There is a specific, agonizing silence that exists only in the delivery rooms where things have gone terribly wrong. For 17-year-old Demi Duffin and 19-year-old Charlie Hayes, that silence descended on June 9, 2026, when their newborn son, Luca, entered the world seven weeks ahead of schedule. He was born without a pulse.
“Seeing him born dead was so hard,” Charlie recalls, the weight of the memory still heavy in his voice.
What followed was a frantic, hour-long battle against mortality. As a medical team launched into an emergency resuscitation and surgical effort to bring the three-pound, five-ounce infant back from the brink, Charlie could do nothing but watch the clock. “It’s the longest hour I’ve ever been through,” he says. “But thank God the hospital brought him back to life.”
The terrifying delivery was the climax of a pregnancy that had already tested the teenage parents. In October 2025, the Kent-based couple discovered they were expecting. The early months progressed smoothly, but a standard three-month scan revealed a complication: Luca had gastroschisis. The condition, a congenital defect, meant a small hole had formed in his abdominal wall, allowing his organs to protrude outside his body. At the time, specialists assured the couple the case was mild and advised them not to panic.
But at 30 weeks, the narrative shifted. Demi noticed a sudden, terrifying stillness where her baby’s movements used to be. Though she was hospitalized for several days and subsequently discharged, the stillness returned just two weeks later. When she was re-admitted, doctors gave them the worst possible news: Luca’s heart had flatlined. An emergency C-section was ordered immediately.

A Family Divided, A Mother’s Resolve
Once stabilized, Luca required immediate, highly specialized neonatal care, prompting a swift transfer to The Royal London Hospital. Charlie went with him, leaving Demi behind to recover from major abdominal surgery.
But a mother’s instinct rarely obeys medical directives. Driven by a fierce need to be with her son, Demi discharged herself from the local hospital against medical advice, managing to make her way to London just hours after giving birth.
“There was nothing stopping me from being with my Luca,” Demi says simply.
Charlie remembers watching his teenage partner navigate the hospital corridors, determinedly pushing through the physical trauma of a fresh C-section. “She was waddling toward me like a penguin, and I ran up to her and hugged her,” Charlie recalls. “When she got up to Luca, her face instantly lit back up. It was like she didn’t just have surgery.”
Holding the World
Luca’s fight was far from over. Safely ensconced at The Royal London Hospital, the fragile infant underwent two additional surgeries to address his complex abdominal condition. For weeks, his parents could only watch him through the plastic walls of an incubator, wired to monitors and life-support machinery.
That long separation finally ended recently when doctors cleared the parents for their very first moments of skin-to-skin contact.
“Me and Demi got to hold him the other day for the first time,” Charlie says. “That was amazing. It was quite literally like holding my world in my hands. I’ll never forget that moment.”

The Uncertain Road Ahead
Despite the milestone, the young family remains in a delicate holding pattern. Charlie has paused his employment entirely to live out of the hospital, ensuring Luca is never alone. It is a financial sacrifice compounding an already volatile medical situation; doctors have explicitly warned the couple to manage their expectations, noting that Luca’s condition remains fragile and could deteriorate unexpectedly.
“All we can do is keep praying,” Charlie admits. “We don’t know when he will be able to come home. But doctors said it will be a long time.”
With no income and mounting daily expenses, Charlie’s mother stepped in to launch a GoFundMe campaign to keep the young couple afloat.
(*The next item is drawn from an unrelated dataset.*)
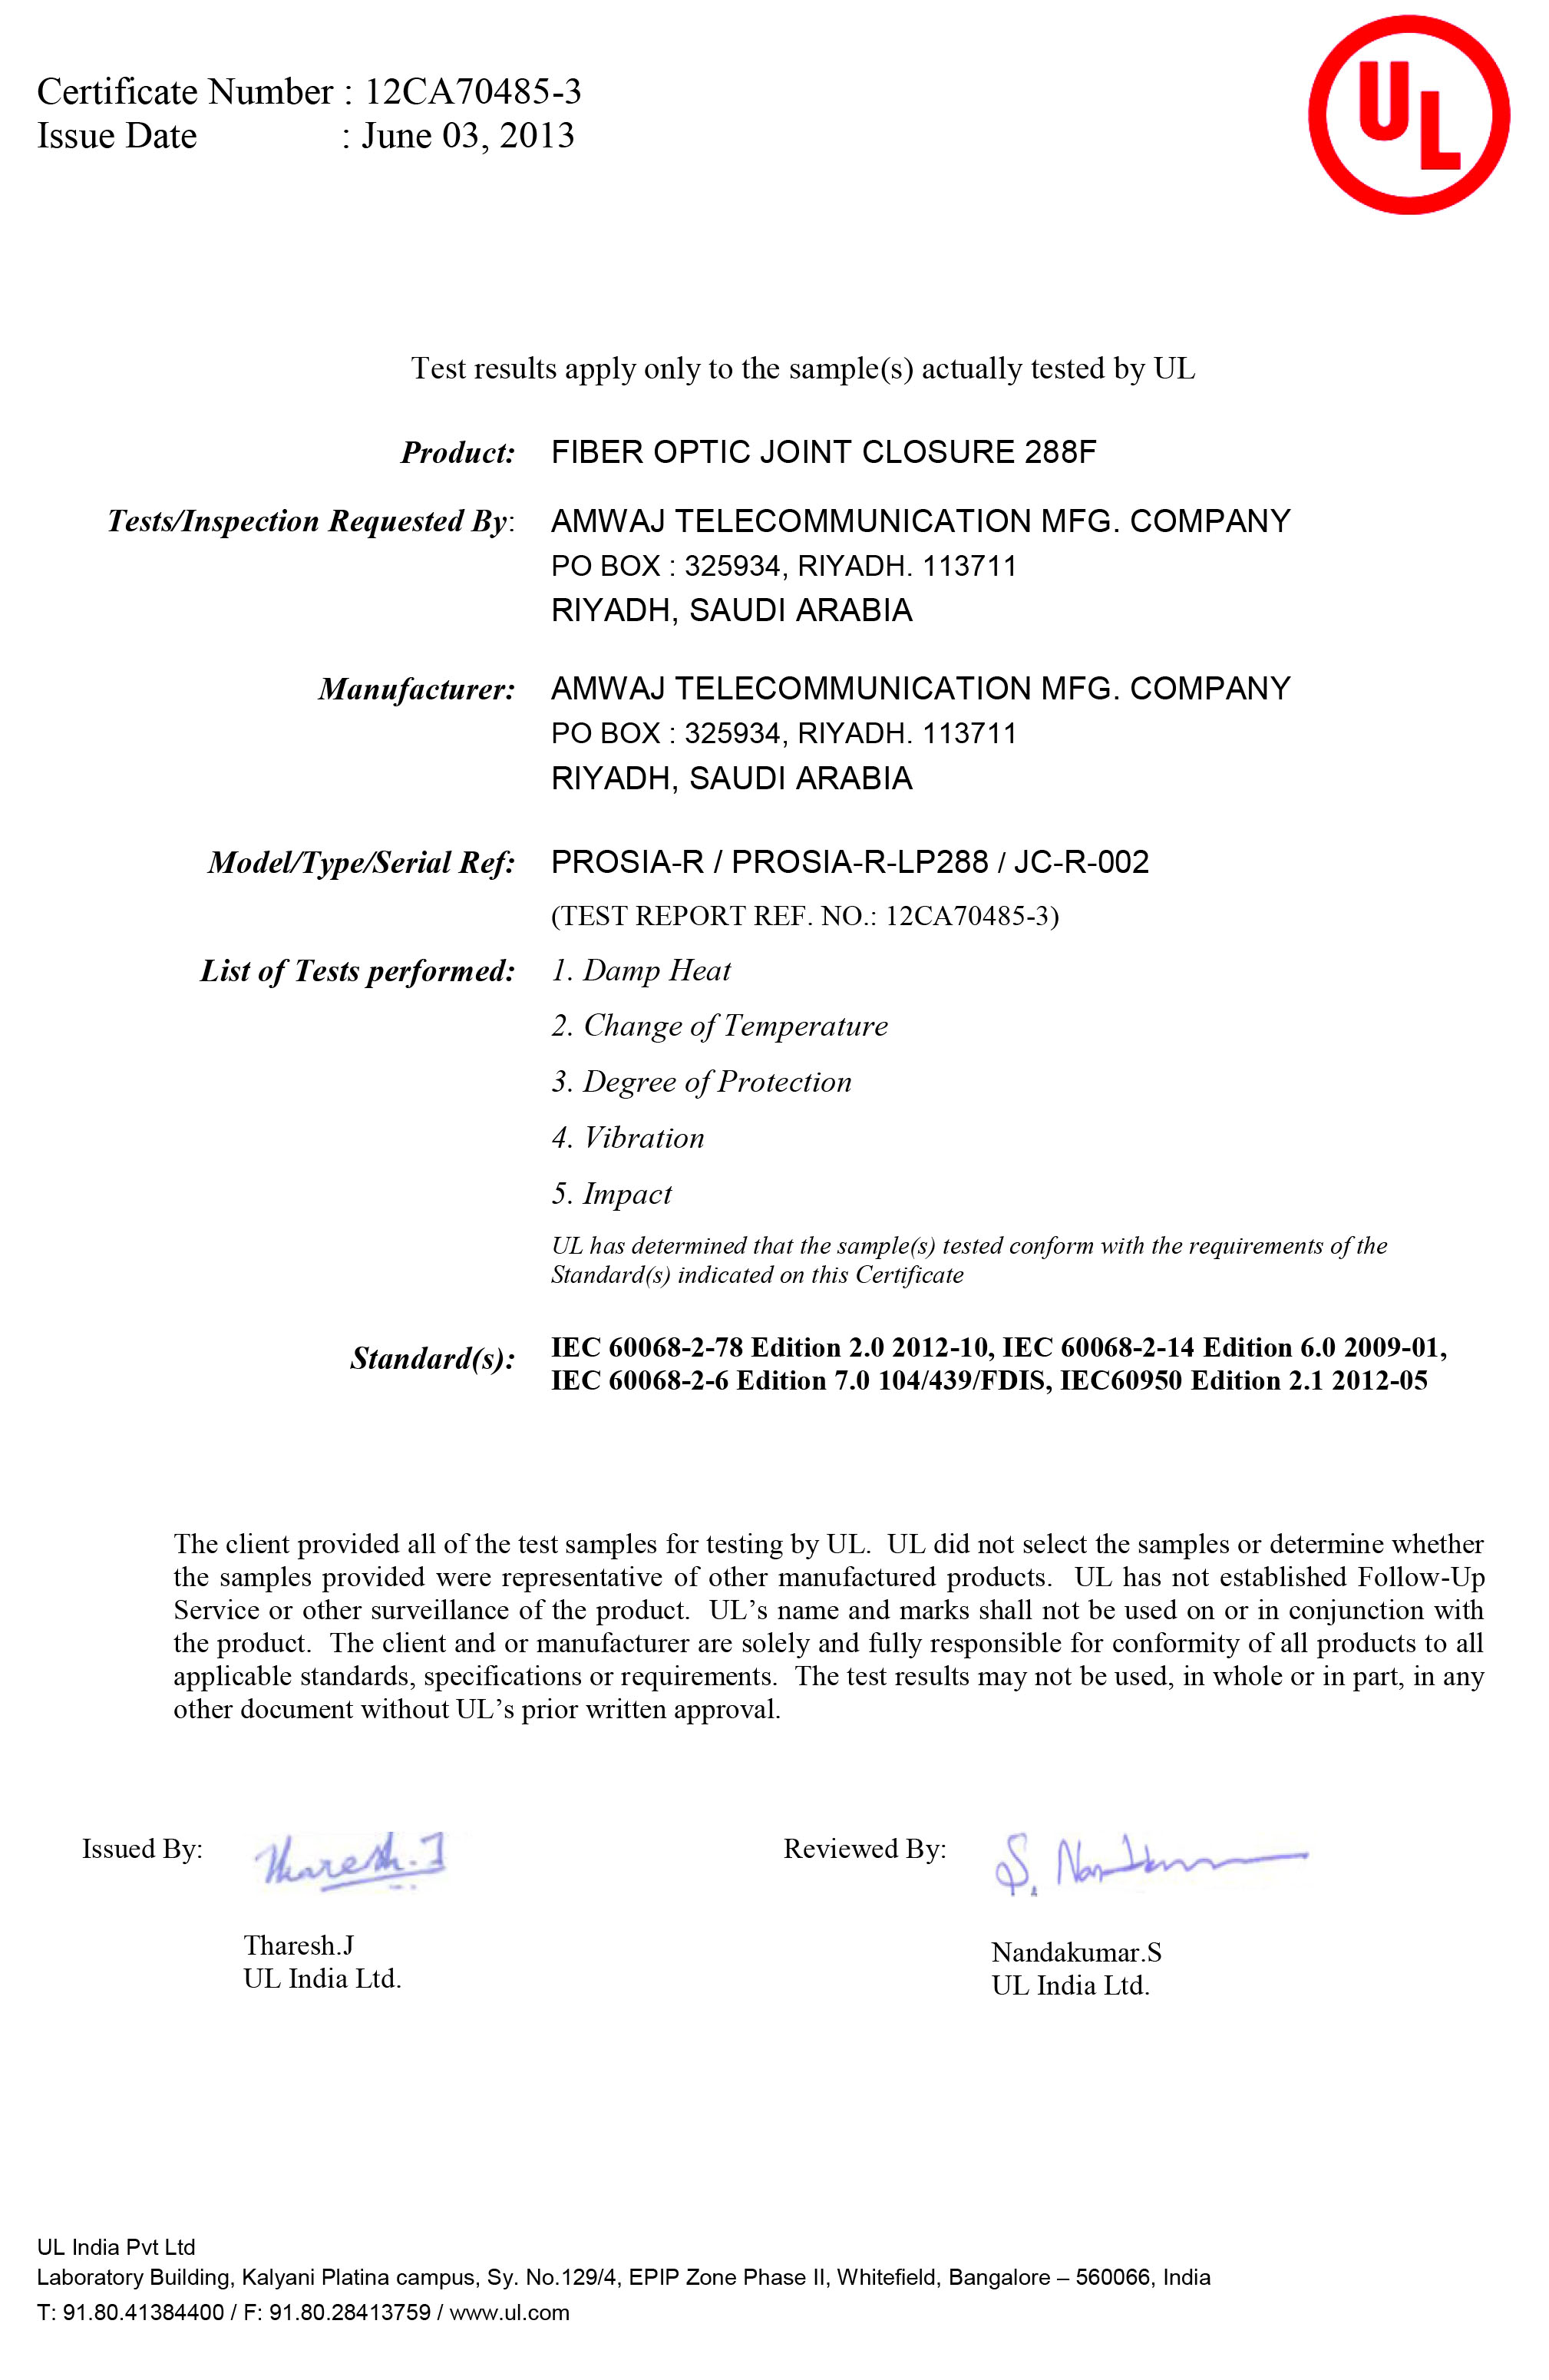 UL Certificate for FOJC 288F

The funds are aimed at covering basic necessities—travel, food, and lodging near the London hospital—alongside specialized premature baby supplies that the couple had no time to prepare for.
“They are struggling massively,” his mother wrote on the fundraising page. “We will use any money donated… to be able to afford to be with our baby.”
Amid the uncertainty, however, are genuine glimmers of hope. In a recent update shared on June 21, the family revealed that Luca has begun to turn a corner. He has successfully tolerated feedings for several consecutive days, and his parents were finally able to dress him in his very first outfit—a small but monumental victory for a boy who began his life in total silence.